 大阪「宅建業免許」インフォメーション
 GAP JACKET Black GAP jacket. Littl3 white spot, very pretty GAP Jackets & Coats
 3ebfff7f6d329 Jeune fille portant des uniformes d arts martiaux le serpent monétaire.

○ ○ ○ ○ ○ ○ ○

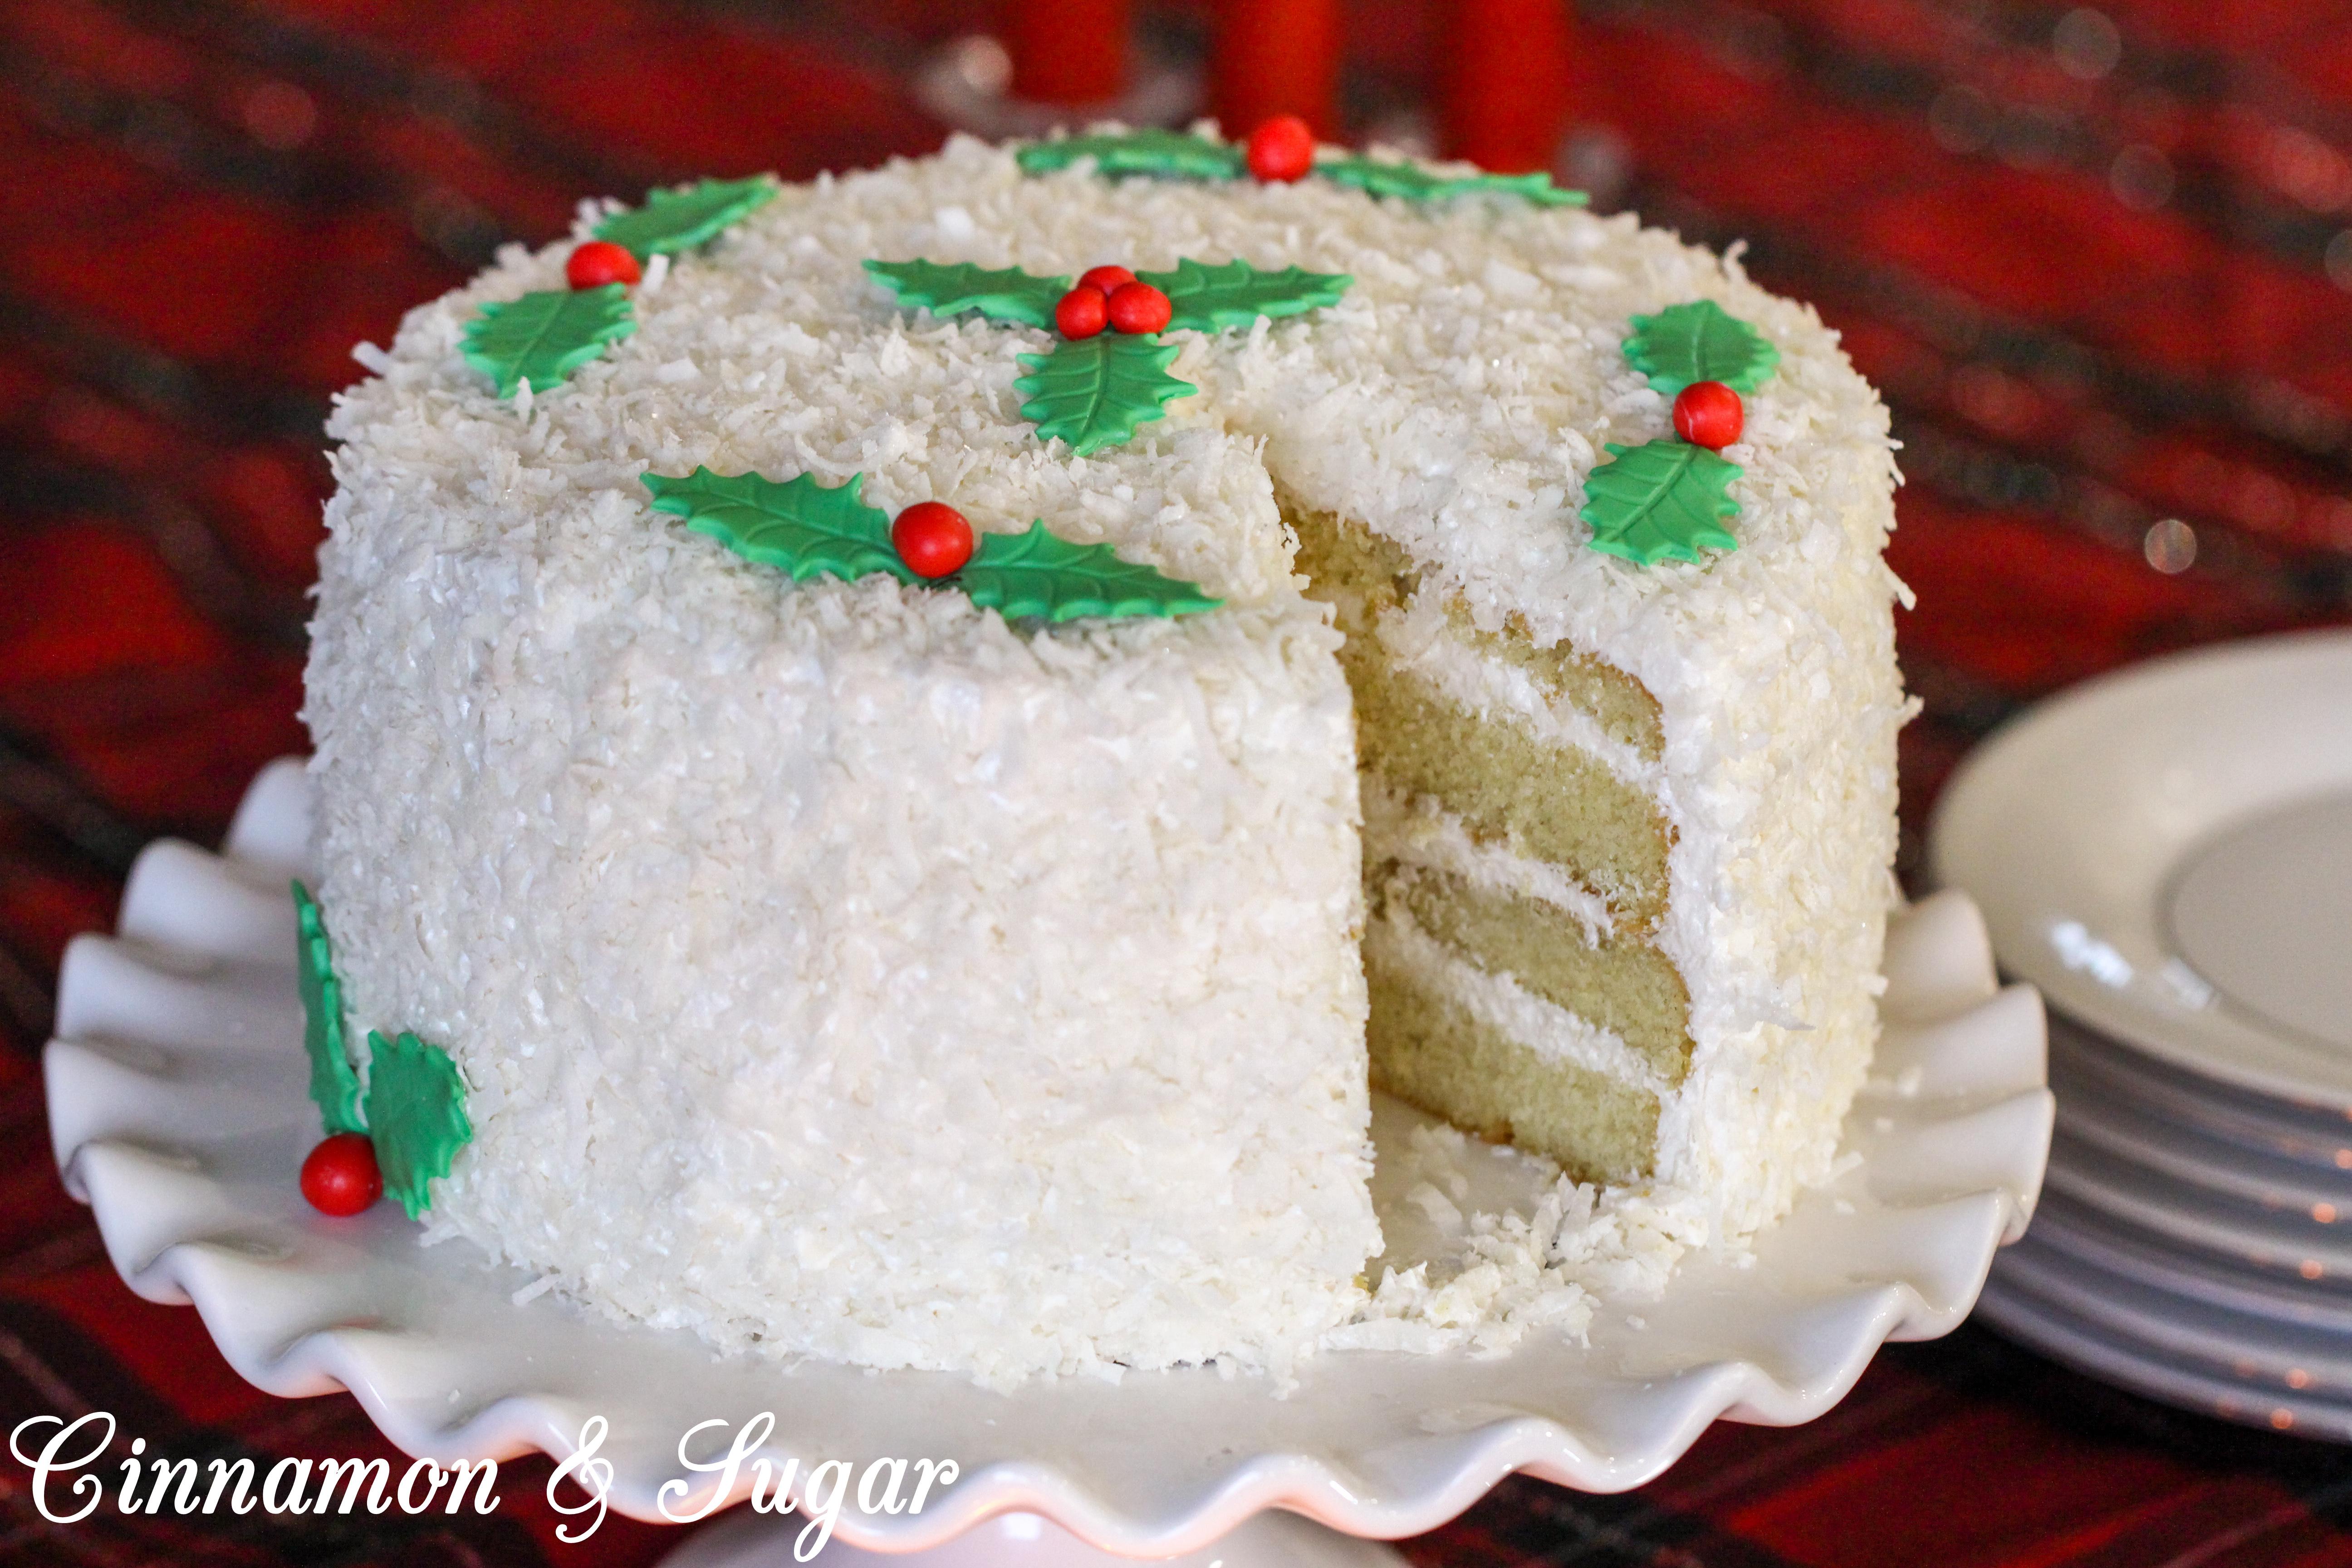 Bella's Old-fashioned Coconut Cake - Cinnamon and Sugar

○ ○ ○ ○ ○ ○ ○

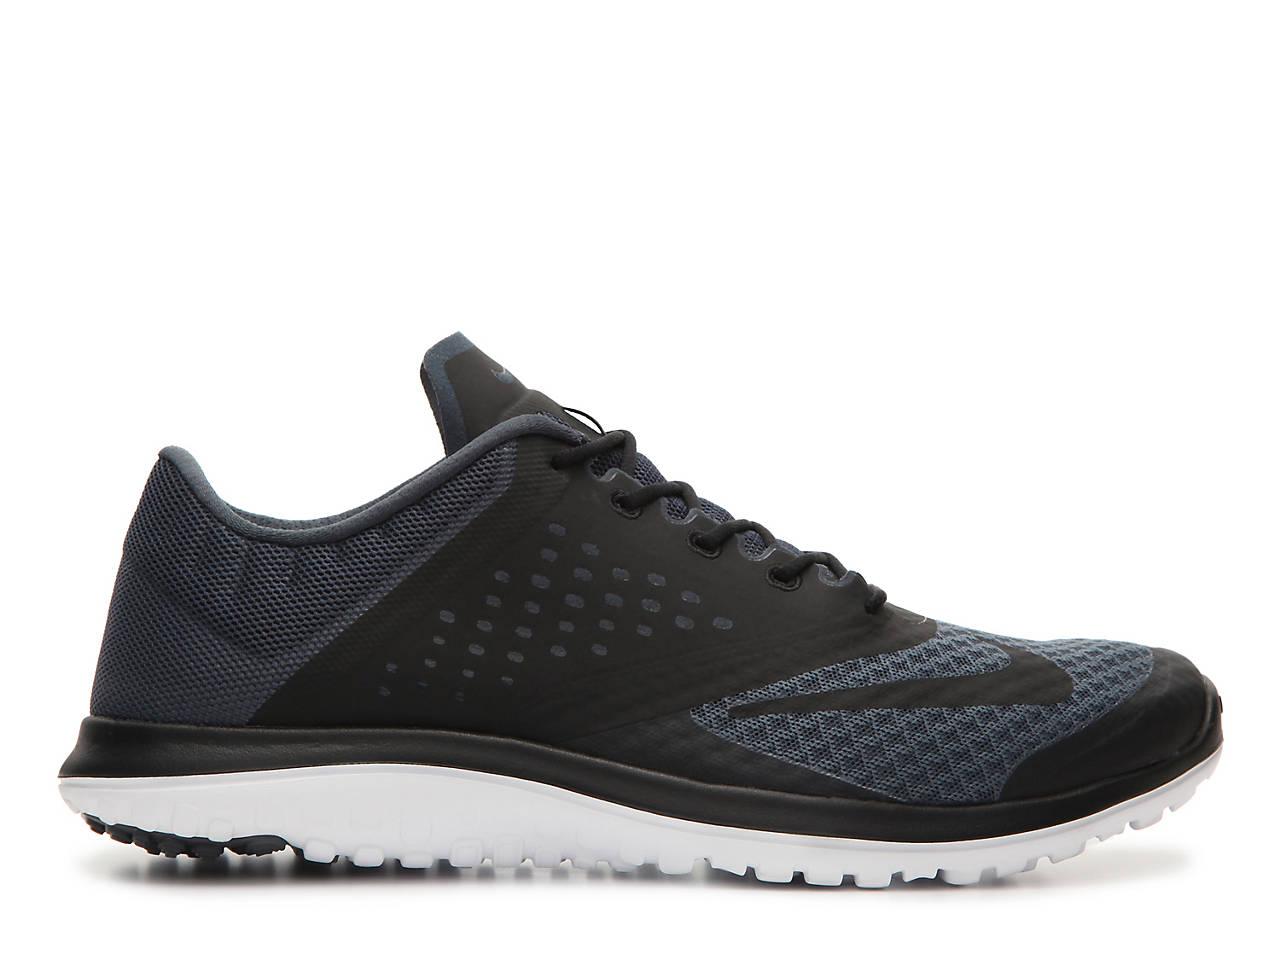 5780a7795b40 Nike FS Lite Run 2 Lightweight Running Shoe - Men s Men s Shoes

○ ○ ○ ○ ○ ○ ○

- _WORK REQUIRED_
Would you print, exactly as written, every line above from the one holding "大阪「宅建業免許」インフォメーション" through the one holding "3ebfff7f6d329 Jeune fille", with both included and no other lines?

- _SOLUTION TO THIS TASK_
 大阪「宅建業免許」インフォメーション
 GAP JACKET Black GAP jacket. Littl3 white spot, very pretty GAP Jackets & Coats
 3ebfff7f6d329 Jeune fille portant des uniformes d arts martiaux le serpent monétaire.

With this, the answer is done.